For this, I will compare the results of my proposed methods with the classical solution and Bearden's solution in the next section, but not with Palley and Kremer's model, which will be left for future work when I explore more about the effect of different distributions of the candidate scores.

∂ Result comparison

Here I will compare the results of the following algorithms:

Classical solution hiring secretary solution
Classical solution with desperation
Bearden's solution: classical with $\sqrt{N}$ rejection period and desperation
Using current quantile rank alone (1) with $ 1/e $ rejection period
My unroll method with $ 1/e $ rejection period
Quantile rank method with $ \sqrt{N} $ rejection period
My unroll with $ \sqrt{N} $ rejection period
Quantile rank method with primitive black swan prediction
My unroll with primitive black swan prediction
Quantile rank method with oracle black swan prediction
My unroll with oracle black swan prediction

For each algorithm, I ran the experiments for 100,000 trial runs with $ N $ varied from 100 to 200 against the uniformly and normally distributed score data. The reported expected score falls within range between 0 for minimum and 1 for possible maximum (the best score for each experiment may be less than 1). (Check my github for the experiment codehttps://github.com/PVirie/soft-hiring-problem/blob/main/main.py.) The result is as follows:

Algorithm	Score: Uniform data	Score: Normal dist data
Classical solution	0.608	0.582
Classical solution with desperation	0.799	0.763
Bearden solution	0.928	0.811
Quantile rank with $ \sqrt{N} $ rejection period	0.963	0.835
Unroll with $ \sqrt{N} $ rejection period	0.963	0.834
Quantile rank with $ 1/e $ rejection period	0.965	0.867
Unroll with $ 1/e $ rejection period	0.969	0.869
Quantile rank with primitive black swan prediction	0.936	0.811
Unroll with primitive black swan prediction	0.946	0.817
Quantile rank with oracle black swan prediction	0.974	0.852
Unroll with oracle black swan prediction	0.981	0.857

From the experiment, if we disregard the oracle black swan prediction for now, the unroll algorithm with $ 1/e $ rejection period is the best algorithm for both uniform and normal distribution data. In fact, the unroll algorithms are most of the time better than the pure quantile rank algorithms. Though, using the rank alone already provides a major boost in the expected score to the classical solution.

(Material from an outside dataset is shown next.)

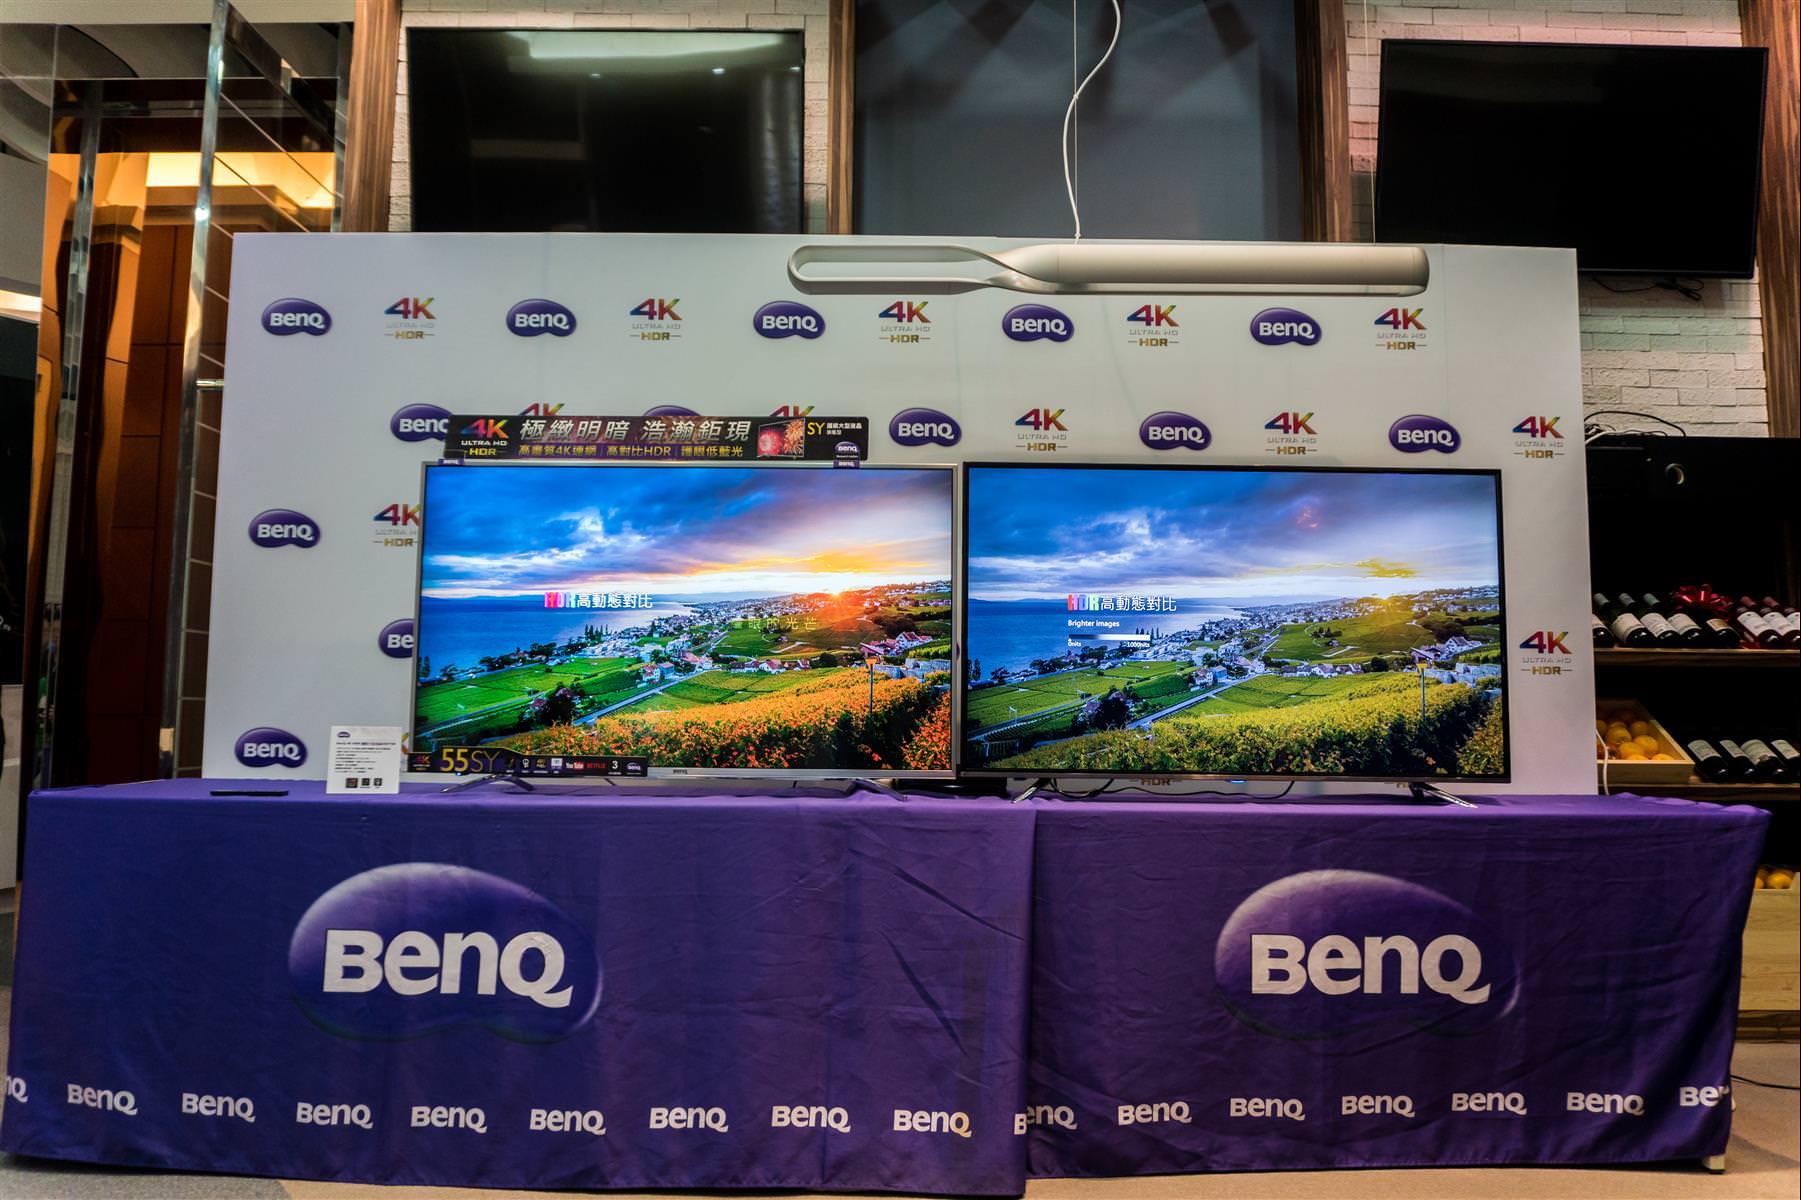 BenQ 4K HDR
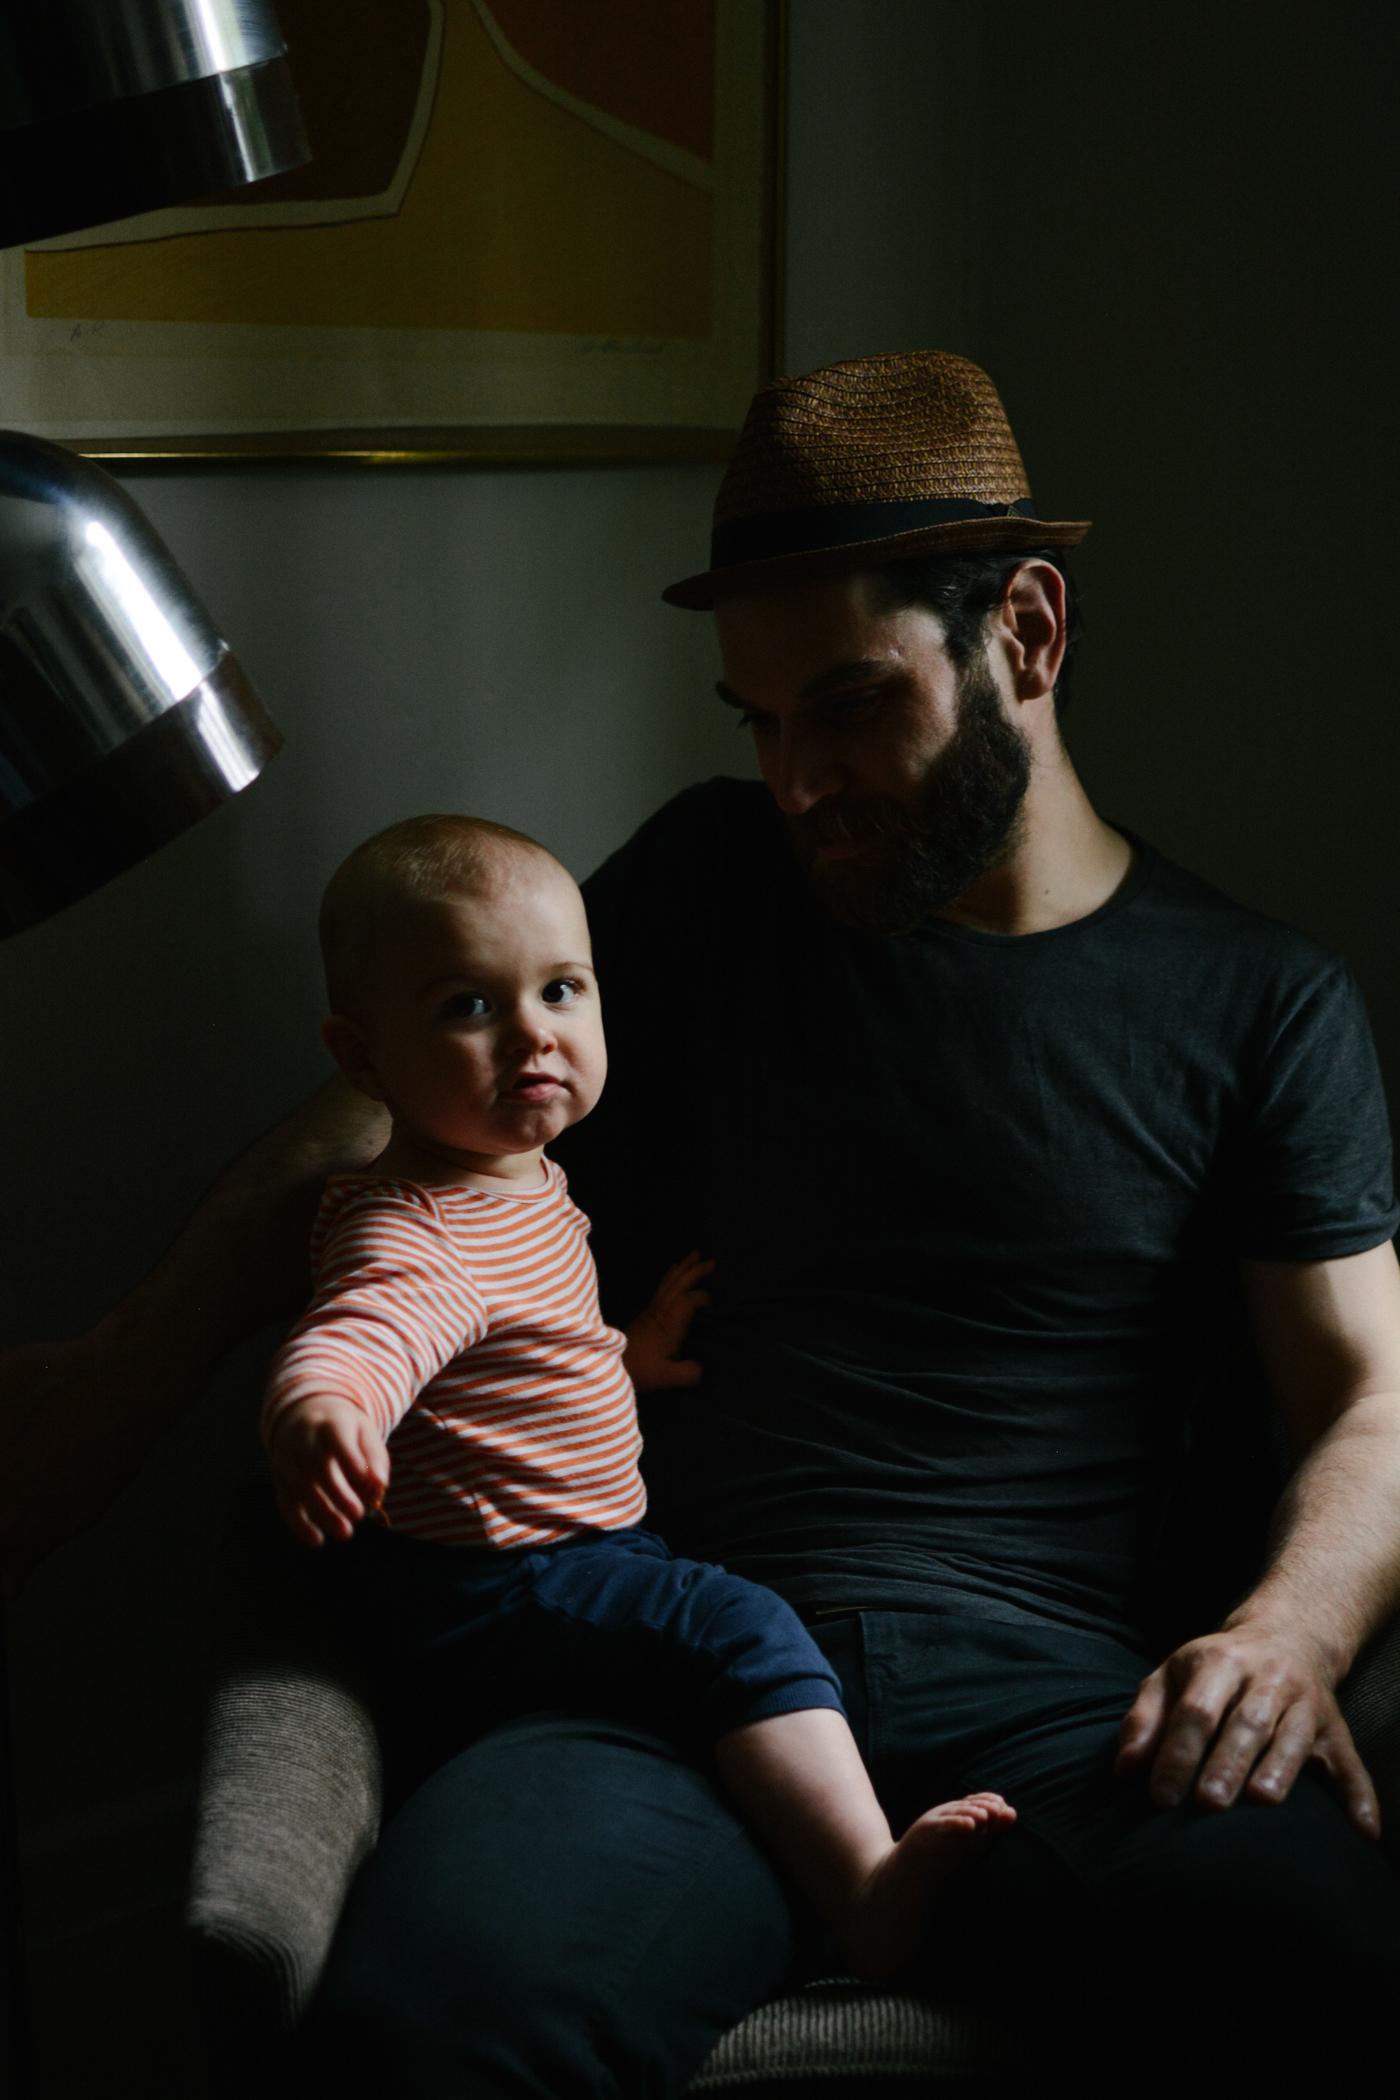 Bebe_toute_annee_Marianne_Charland_photographe_famille_nouveau-ne_enfant_Montreal_Basse-35.jpg

Now let's see how the black swan prediction models affect the results. As appears in the table, the primitive black swan prediction worsen the results, while using oracle black swan prediction improve the results. This shows that black swan predictions could be another important variable to consider. They may improve or worsen the results, depending on the quality of the prediction and information available.

To the best of my knowledge, the proposed algorithms in this blog yield the best results for the hiring secretary problem with cardinal payoff under all the set conditions up to the time of writing this blog post.